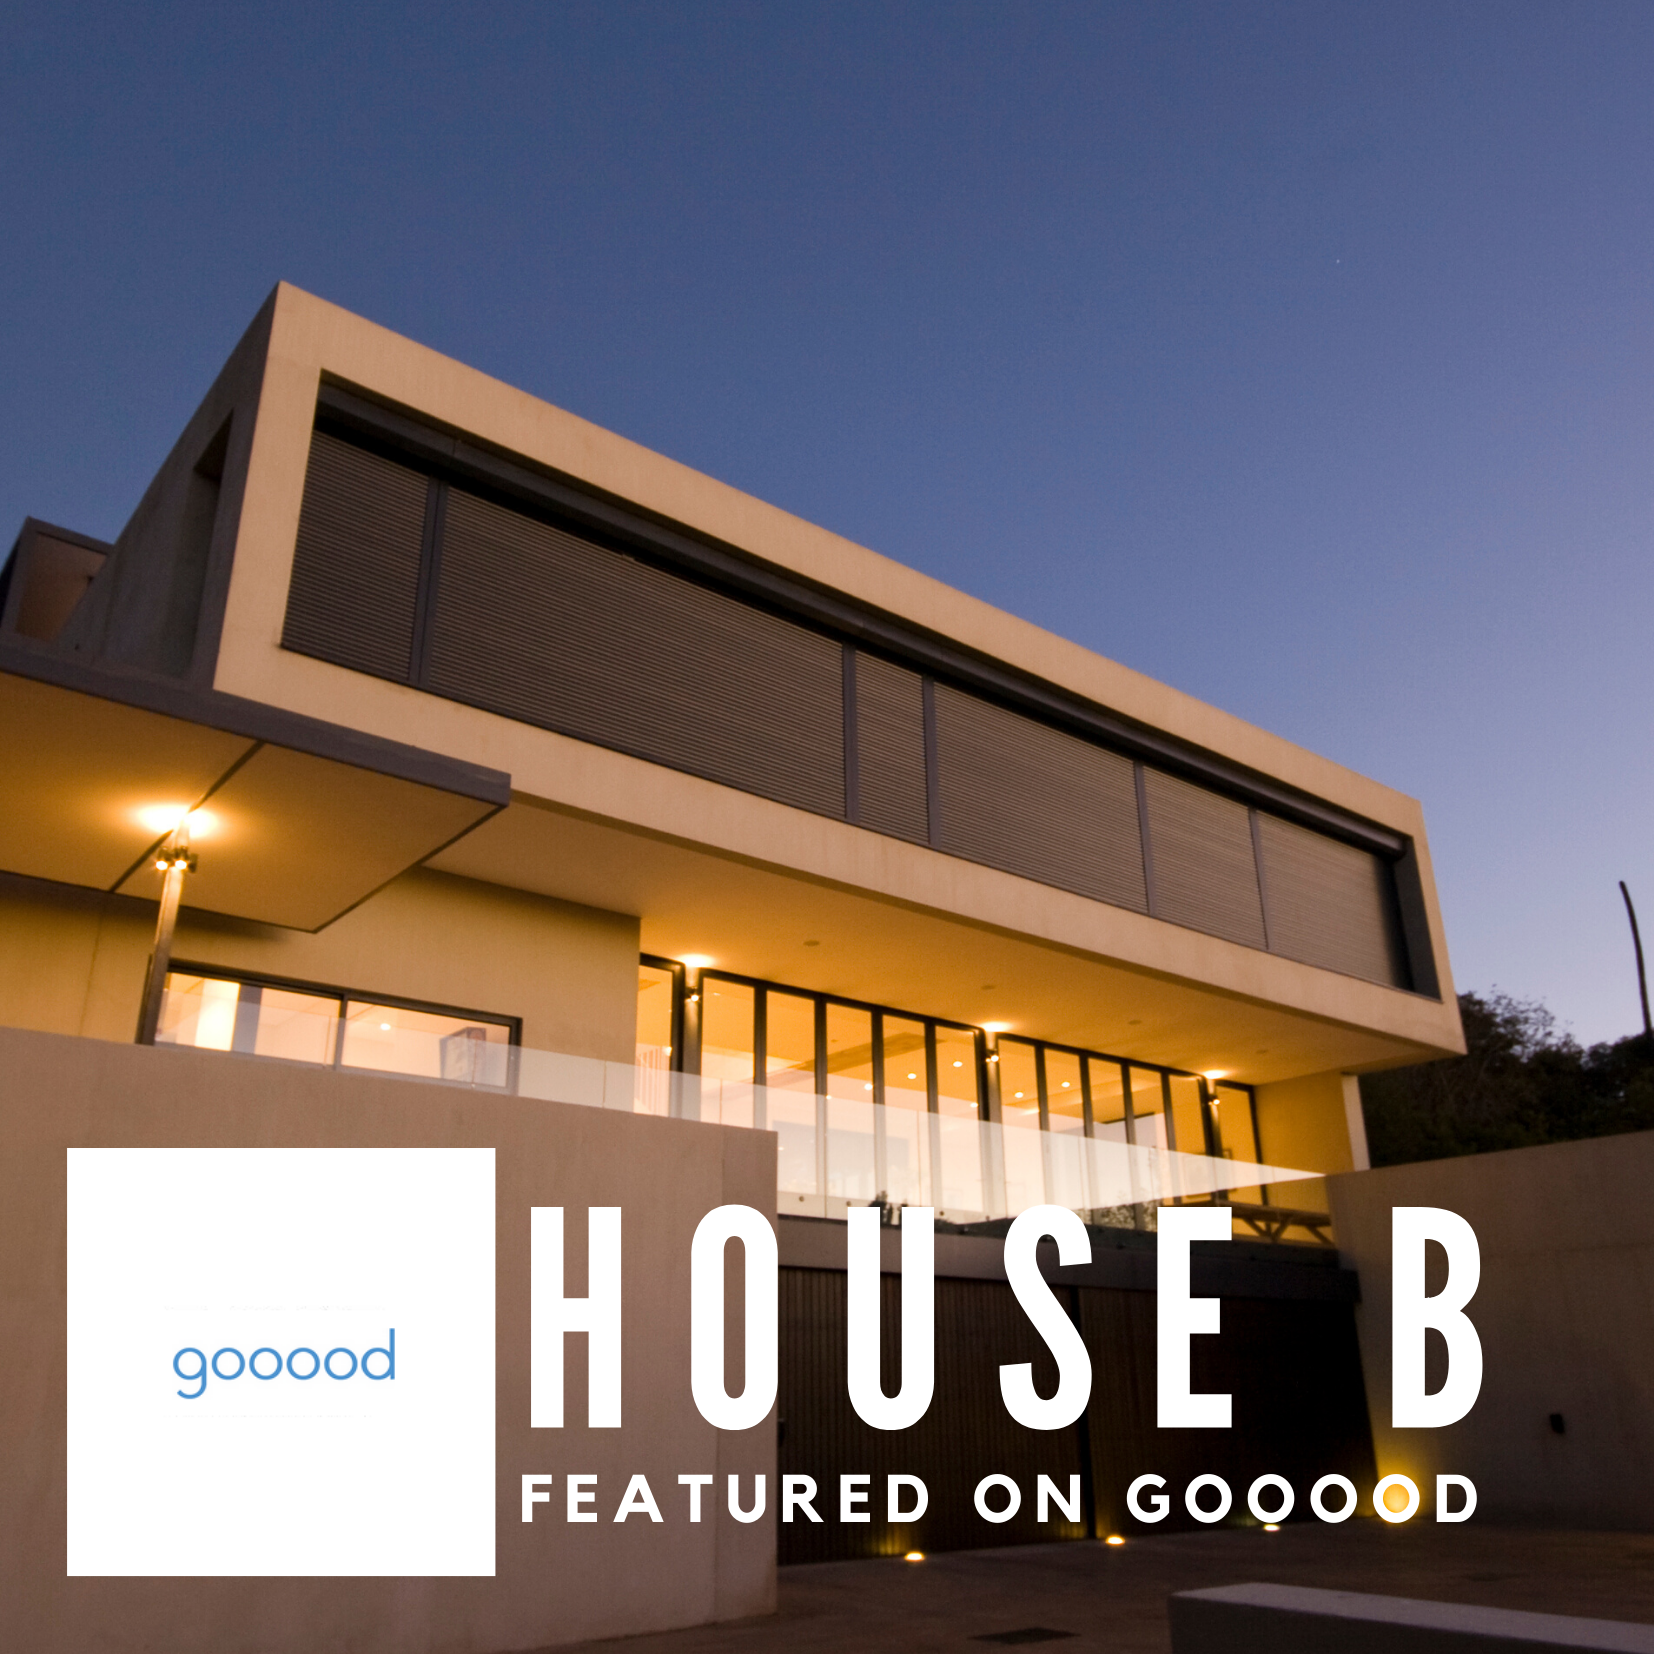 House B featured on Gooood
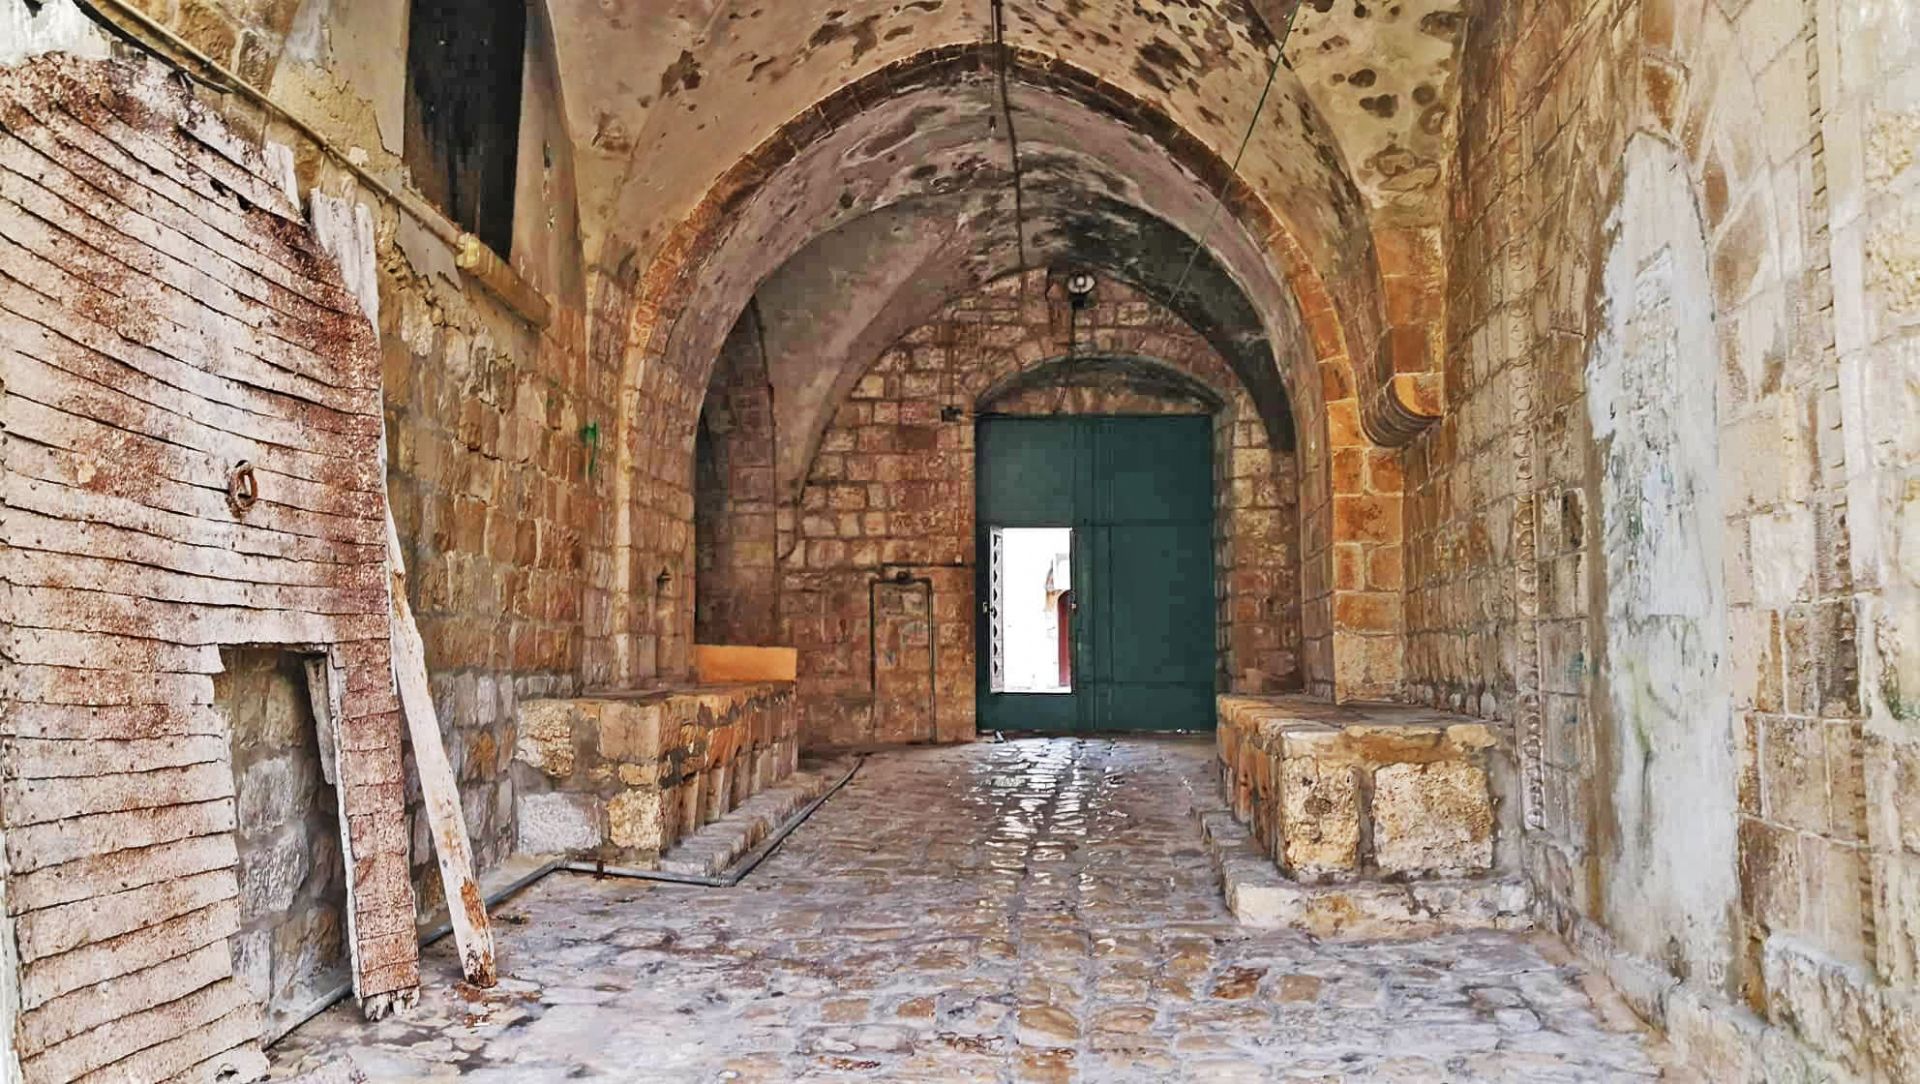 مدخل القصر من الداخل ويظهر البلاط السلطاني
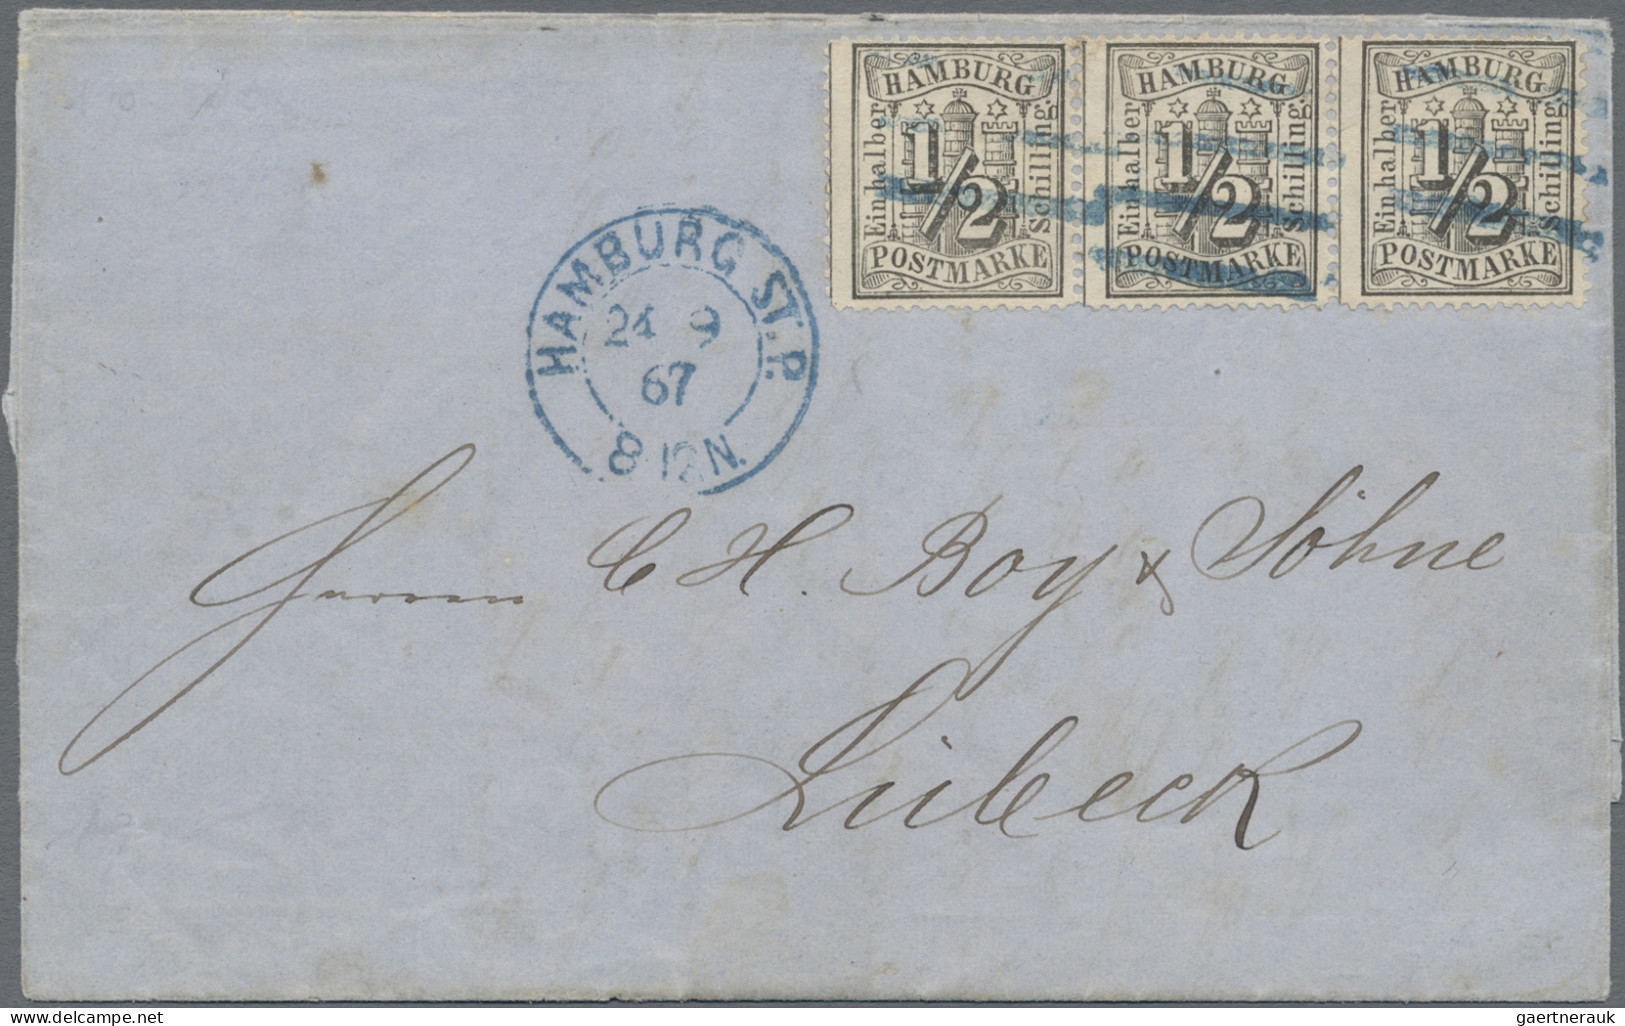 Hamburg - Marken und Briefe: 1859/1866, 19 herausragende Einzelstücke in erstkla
# # #
Your copy should match the data above exactly, apart from the pictures.

■ **The completed task**:
 House B featured on Gooood
 مدخل القصر من الداخل ويظهر البلاط السلطاني
 Hamburg - Marken und Briefe: 1859/1866, 19 herausragende Einzelstücke in erstkla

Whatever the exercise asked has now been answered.